Cookies, cupcakes and other baked treats are easy and appealing for beginner cooks, but if you want to avoid an overload of sugar, make dips such as hummus, guacamole or tzatziki. Other ideas include granola and yogurt parfaits with fruit and nut toppings, salads, dressings and mashed potatoes.
Ages 7 to 9
You know your child best: Is he calm and responsible or still fairly impulsive and distractible? Your assessment will determine which of the following tasks you believe he can safely perform.
•Open a can with a manual can opener
•Grate cheese with a box grater
•Peel produce with a hand peeler
•Zest a lemon
•Place food onto skewers
•Serve soup into bowls with a ladle, with stove off
•Roast vegetables on a cookie sheet
•Fill and use a blender, with you nearby
•Put away groceries
•Load and unload the dishwasher
•Continued knife skills, using a sharper knife and cutting a variety of foods
•Introduce the stove. Begin with recipes such as oatmeal or scrambled eggs that do not require a pot of boiling water or sizzling oil. Teach your children to roll up their sleeves and pull back their hair so neither gets near the fire. Ask children to stand back when they are not working, to clear the stove of dish towels, spoons and other items before turning it on, and to rest things far away from the burners. Require them to use potholders; perhaps buy one their size.
Kids this age can usually read so work with simply written recipes.
•Pasta such as lasagna or mac and cheese
Ages 9 to 12
Children at this stage can make an entire meal from recipe selection to serving. Stay in the kitchen until your child has exhibited competence and an understanding of kitchen safety.
•Teach them how to make a grocery list from recipes.
•Review oven and stove safety.
•Practice knife skills such as how to chop, dice and mince.
•Teach about food safety such as how chicken and eggs can cause salmonella, and how to store fruits, vegetables and cooked foods for safety and longevity.

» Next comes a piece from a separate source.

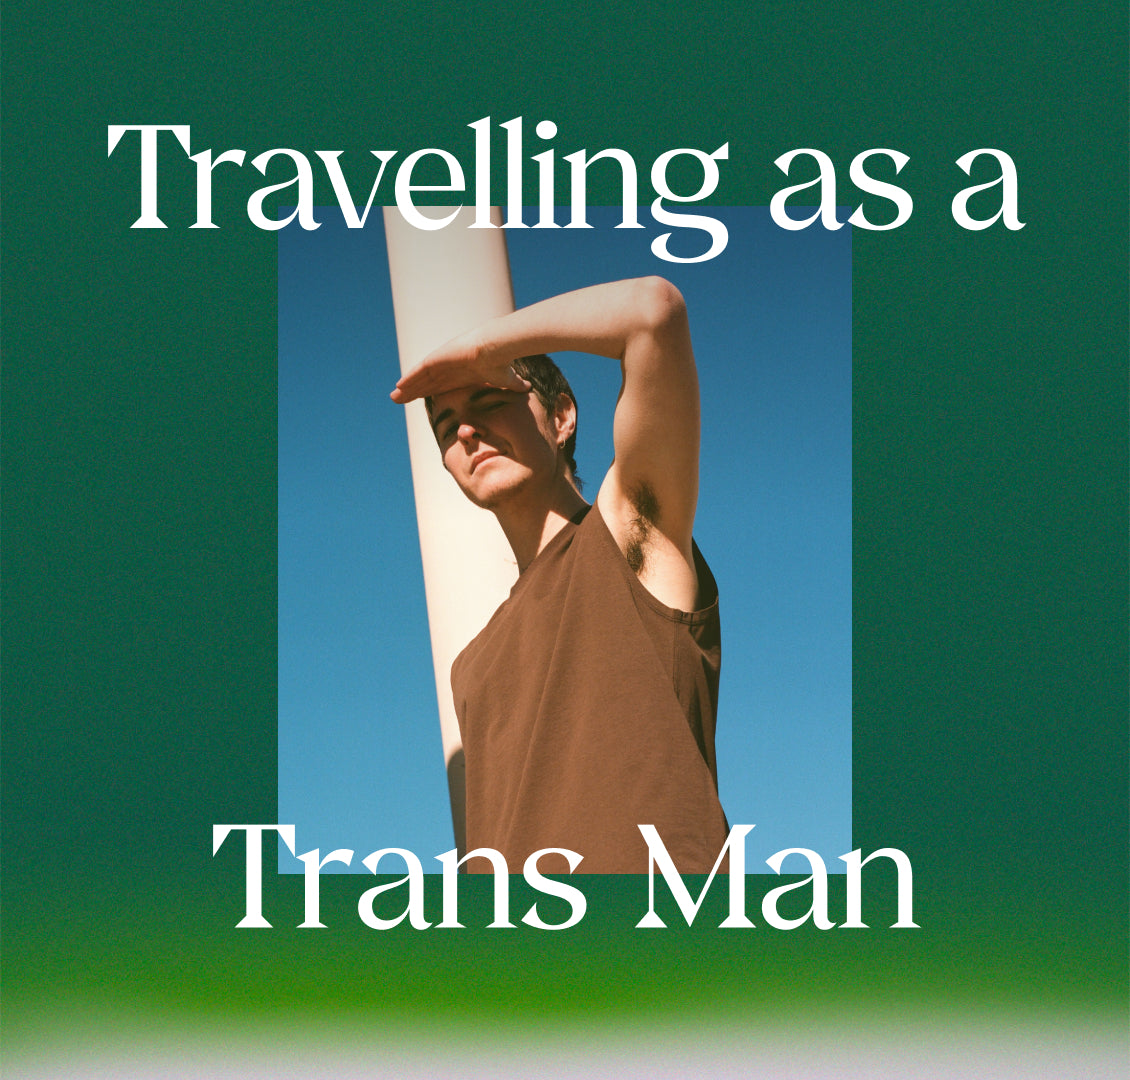 Traveling as a Trans Man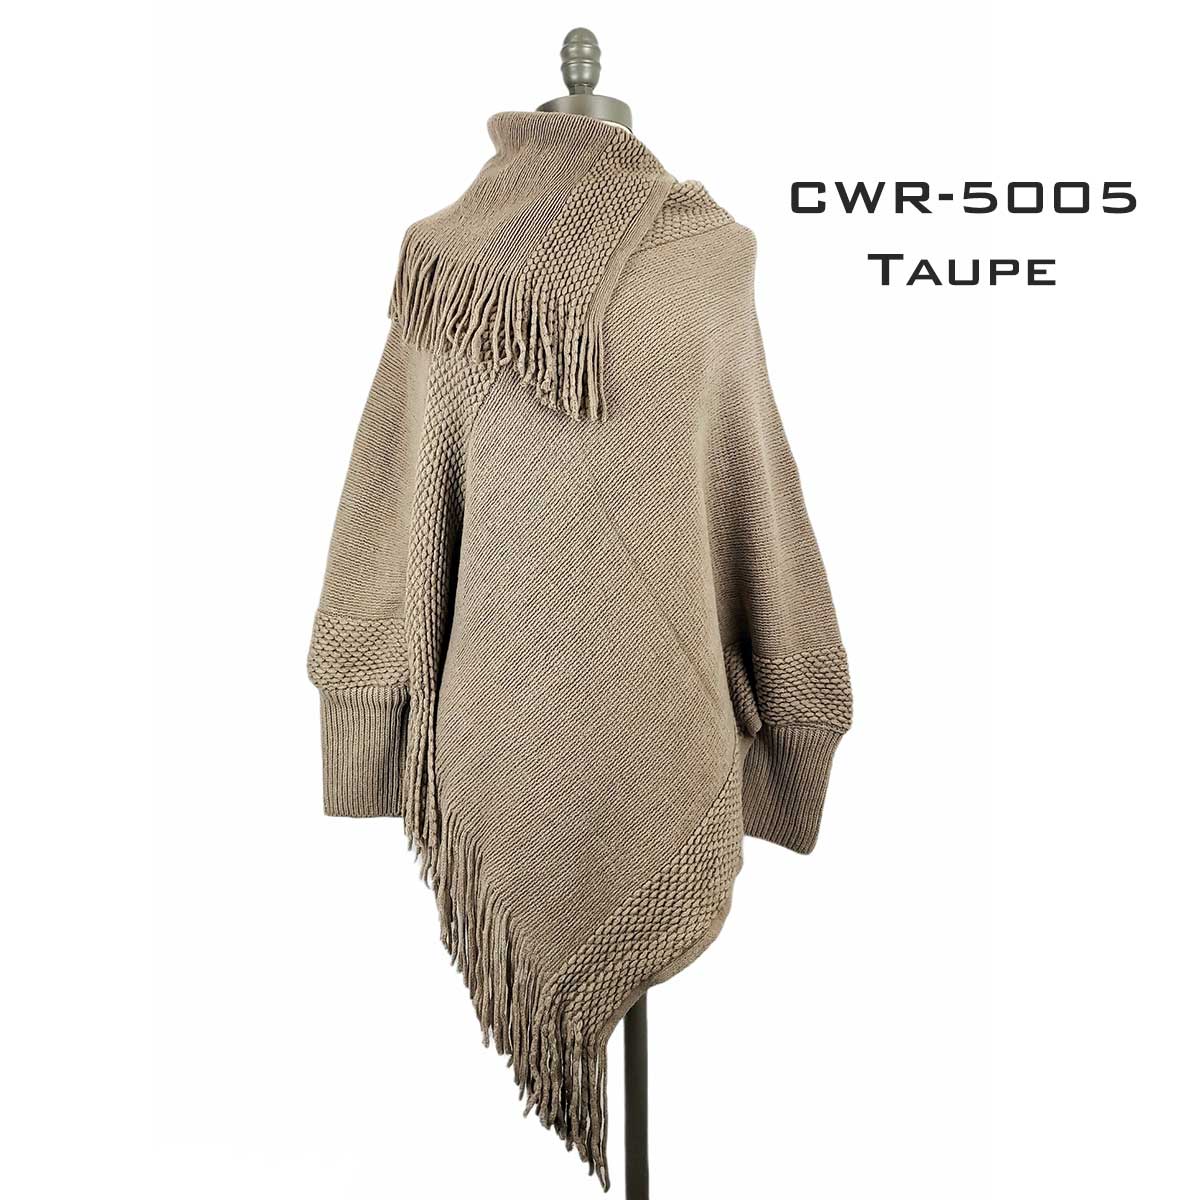 CWR5005 TAUPE Poncho with Sleeves

If time is short, you might consider one of the meal prep services such as Blue Apron and Green Chef. My favorite tool for teaching kids to cook is a subscription service aimed at them, called Raddish. With a Raddish subscription, your child receives a monthly kit including three recipes, a cooking lesson, a new kitchen tool with instruction on how to use it, and fun dinner conversation starters. My daughter and I started subscribing when she was 4, and we are hooked.
If your child finds herself wanting more, consider a cooking schools (in the D.C. area, options include Tiny Chef, Cookology, Cozymeal and the Kitchen Studio). Many have parent-child classes, teen seminars, birthday parties and summer camps.
The earlier kids start cooking in the kitchen, the better they will be able to take care of themselves when they launch from your care. That’s my long-term motivation; the short-term hope is to have more help making dinner.